The subject of the Zika virus continues to be in the news, particularly with the Nov. 9 announcement by the Centers for Medicare & Medicaid Services (CMS) that $66.1 million have been dedicated to Zika prevention and treatment.
The American Hospital Association (AHA), through the Coding Clinic edition published for the fourth quarter of 2016, provides coding guidance for various coding scenarios with regards to this disease.
The first rule in Zika virus coding is that only confirmed cases are coded. This rule creates an exception to the inpatient coding guidelines of assigning diagnosis codes for “possible,” “probable,” “suspected,” etc. conditions at the time of discharge. The confirmed diagnosis rule applies to all healthcare settings. If the provider documents an unconfirmed Zika diagnosis, then the coder should assign the reason for the encounter.
The second rule is that the code for the Zika virus has changed with the update for the 2017 fiscal year. The initial code, A92.8, should only be assigned for dates of service/discharges of Oct. 1, 2015 through Sept. 30, 2016. Beginning Oct. 1, 2016, confirmed Zika virus cases should be assigned code A92.5.
The third rule is that a patient with a past history of the Zika virus would be assigned Z86.1 (Personal history of infectious and parasitic diseases).
The fourth rule is for pregnant women who have a confirmed Zika diagnosis.
- If there is unknown status of fetal abnormalities and positive testing, assign O28.3 (Abnormal ultrasound findings, antenatal screening of mother); O98.51- (Other viral disease complicating pregnancy); A92.5 (Zika virus); and Z3A.- (Weeks of gestation).
- If there is unknown status of fetal abnormalities and negative testing, assign Z03.73 (Encounter for suspected fetal anomaly ruled out), O98.51- (Other viral disease complicating pregnancy); A92.5 (Zika virus); and Z3A.- (Weeks of gestation).
- For prenatal care of fetal abnormalities, assign O35.3XX- (Maternal care for suspected damage to fetus from viral disease in mother); O98.51- (Other viral disease complicating pregnancy); A92.5 (Zika virus); and Z3A.- (Weeks of gestation).

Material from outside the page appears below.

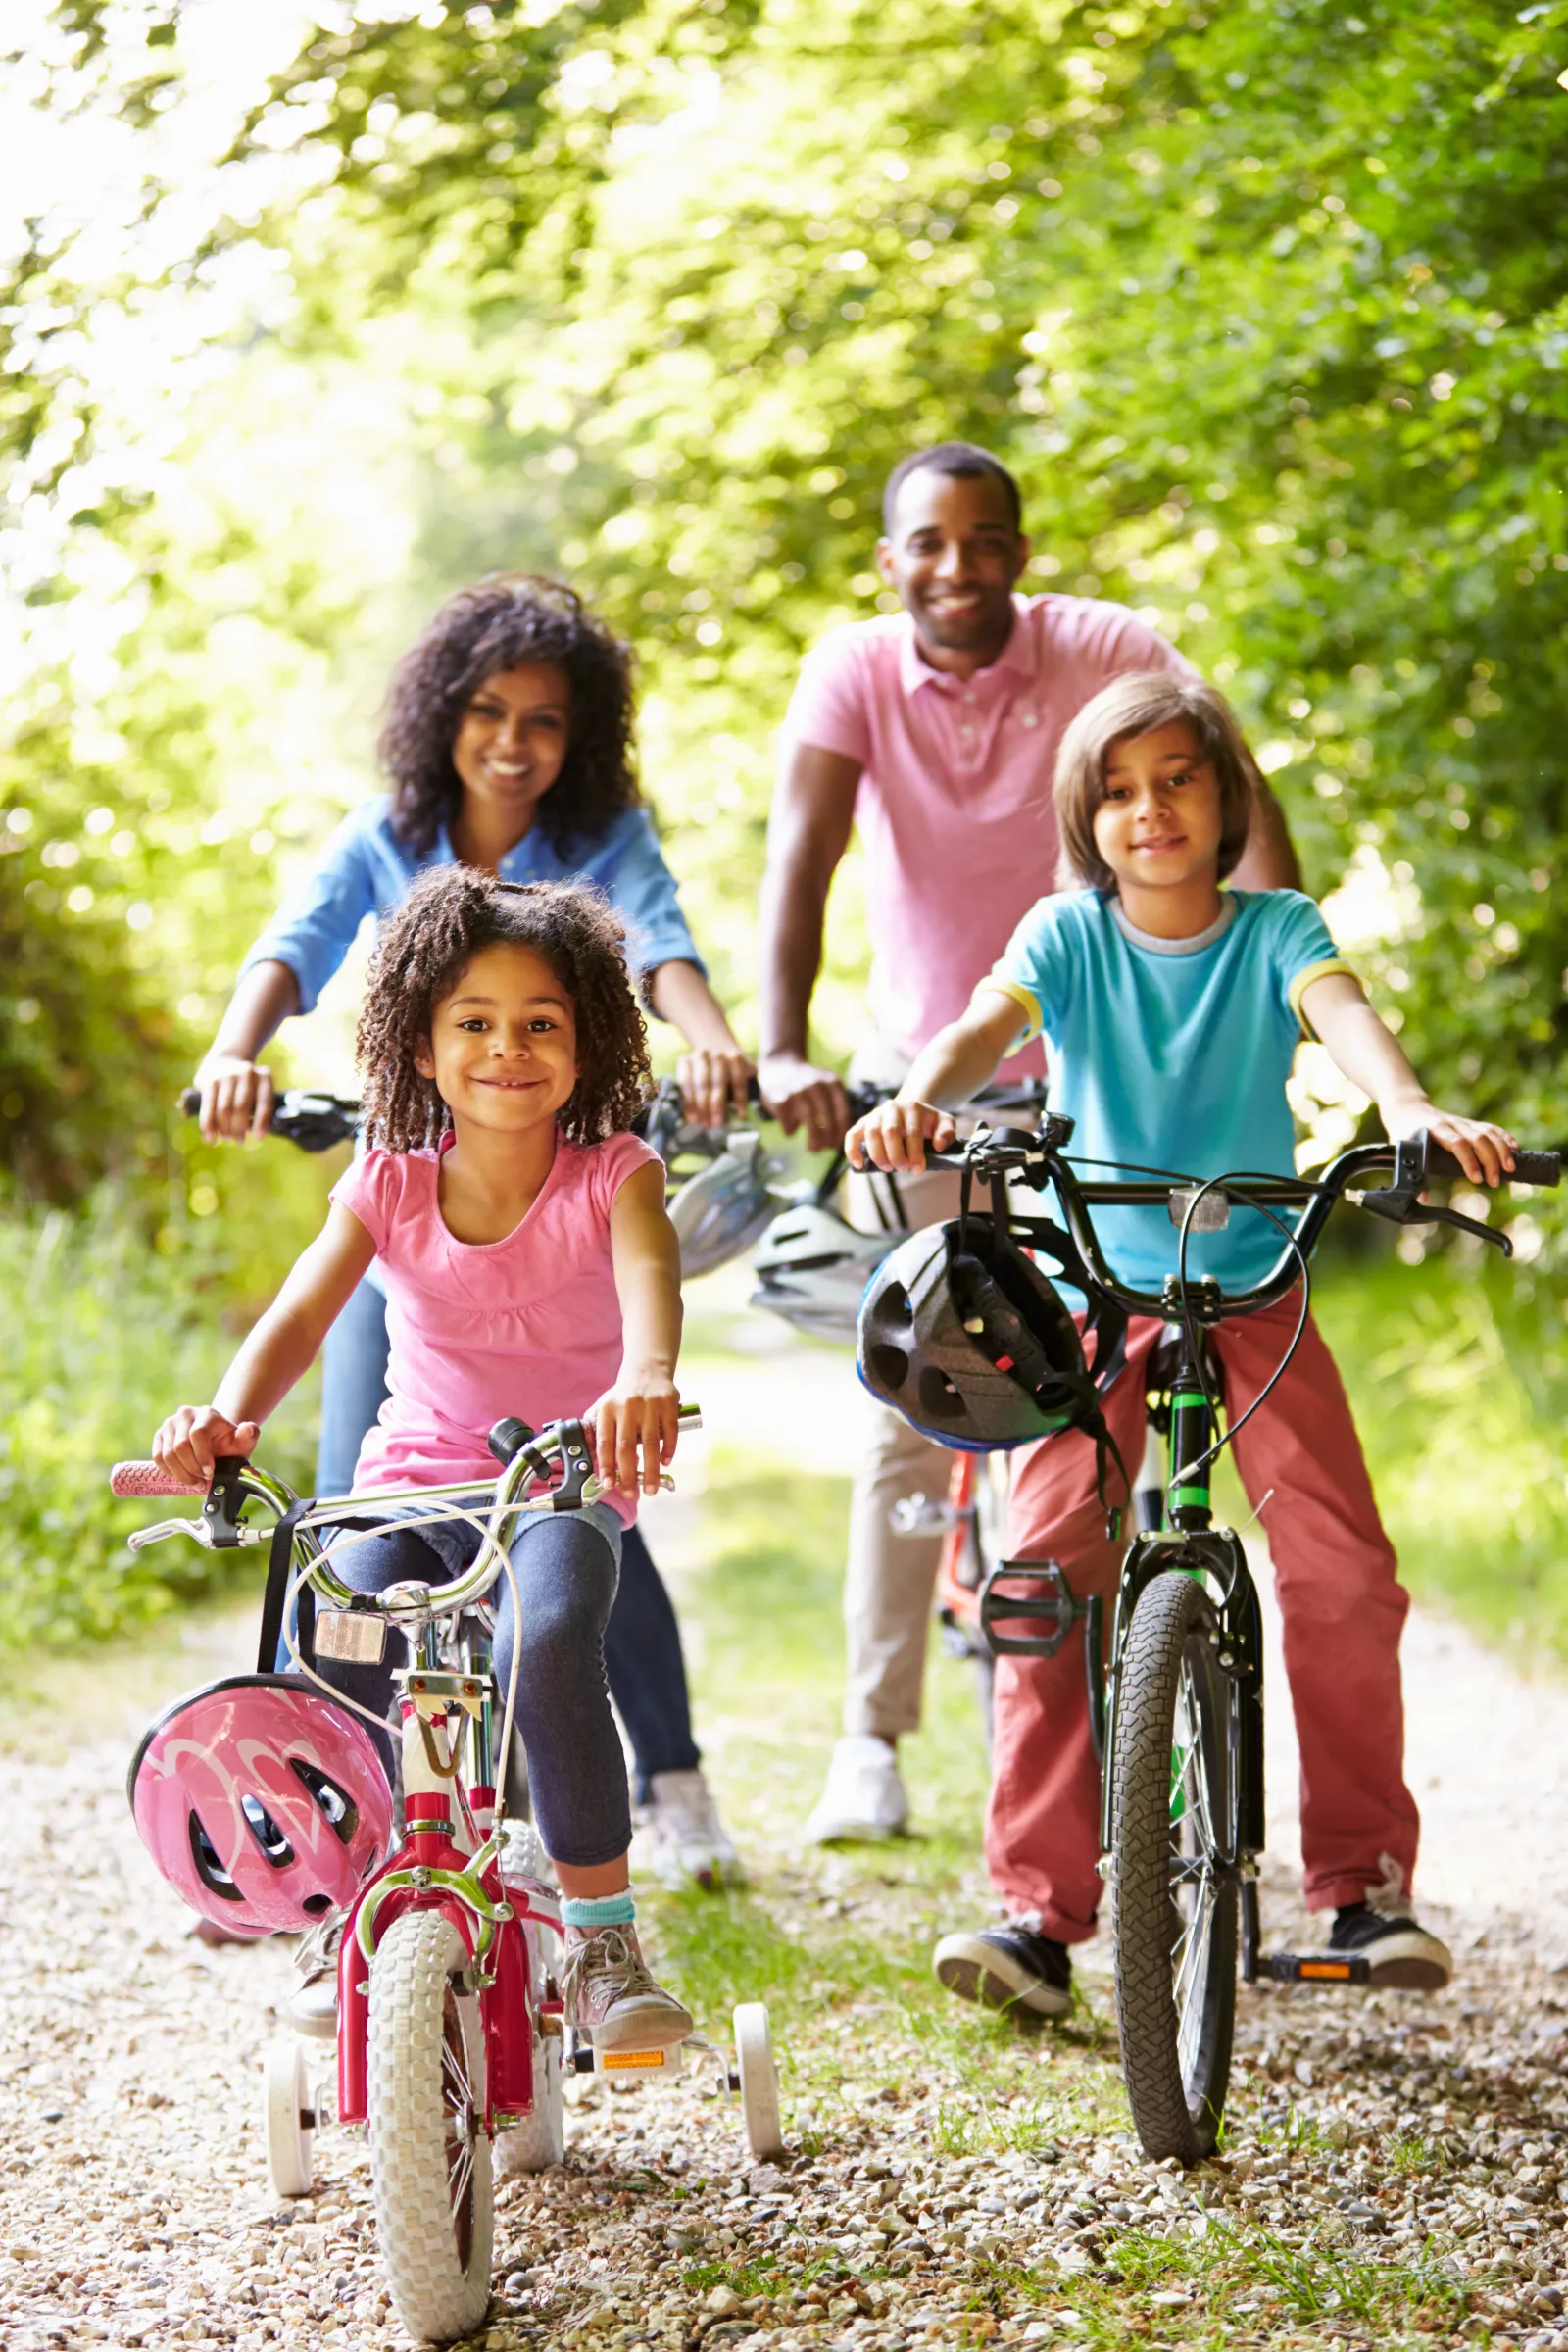 A family of four riding bikes together on a trail outdoors

- For prenatal care without fetal abnormalities, assign O98.51- (Other viral disease complicating pregnancy); A92.5 (Zika virus); and Z3A.- (Weeks of gestation).
The fifth rule is for pregnant women without signs or symptoms of the Zika virus, but those at risk (travel in high-risk areas, having a sexual partner who has Zika, etc.) and presenting for testing. For these cases, assign Z34.- (Encounter for normal supervision of pregnancy); and Z20.828 (Contact with and suspected exposure to other viral communicable diseases).
The sixth rule is for pregnant women who are seeing a physician for results of Zika testing. If the results are negative, assign Z03.79 (Encounter for other specified maternal and fetal conditions ruled out). If the results are positive, assign O35.3XX- (Maternal care for suspected damage to fetus from viral disease in mother).
The seventh rule is for newborns (at the time of birth) with a mother who has confirmed Zika virus and diagnosed anomalies. Assign the code Z38.- (newborn); P35.8 (Other congenital viral diseases); A92.5 (Zika virus), and additional codes for the specified congenital anomalies.
The eighth rule is for non-pregnant, at-risk patients who present prior to a confirmed Zika diagnosis; for these patients assign Z20.828 (Contact with and suspected other viral communicable diseases) whether they are exhibiting symptoms or not.
The ninth rule is for patients presenting for Zika virus testing out of personal concern; for these patients assign Z71.1 (Person with feared complaint in whom no diagnosis is made).
In conclusion, review the information in the latest Coding Clinic on the coding of the Zika virus.
Remember the first rule, which is to only code confirmed Zika diagnoses.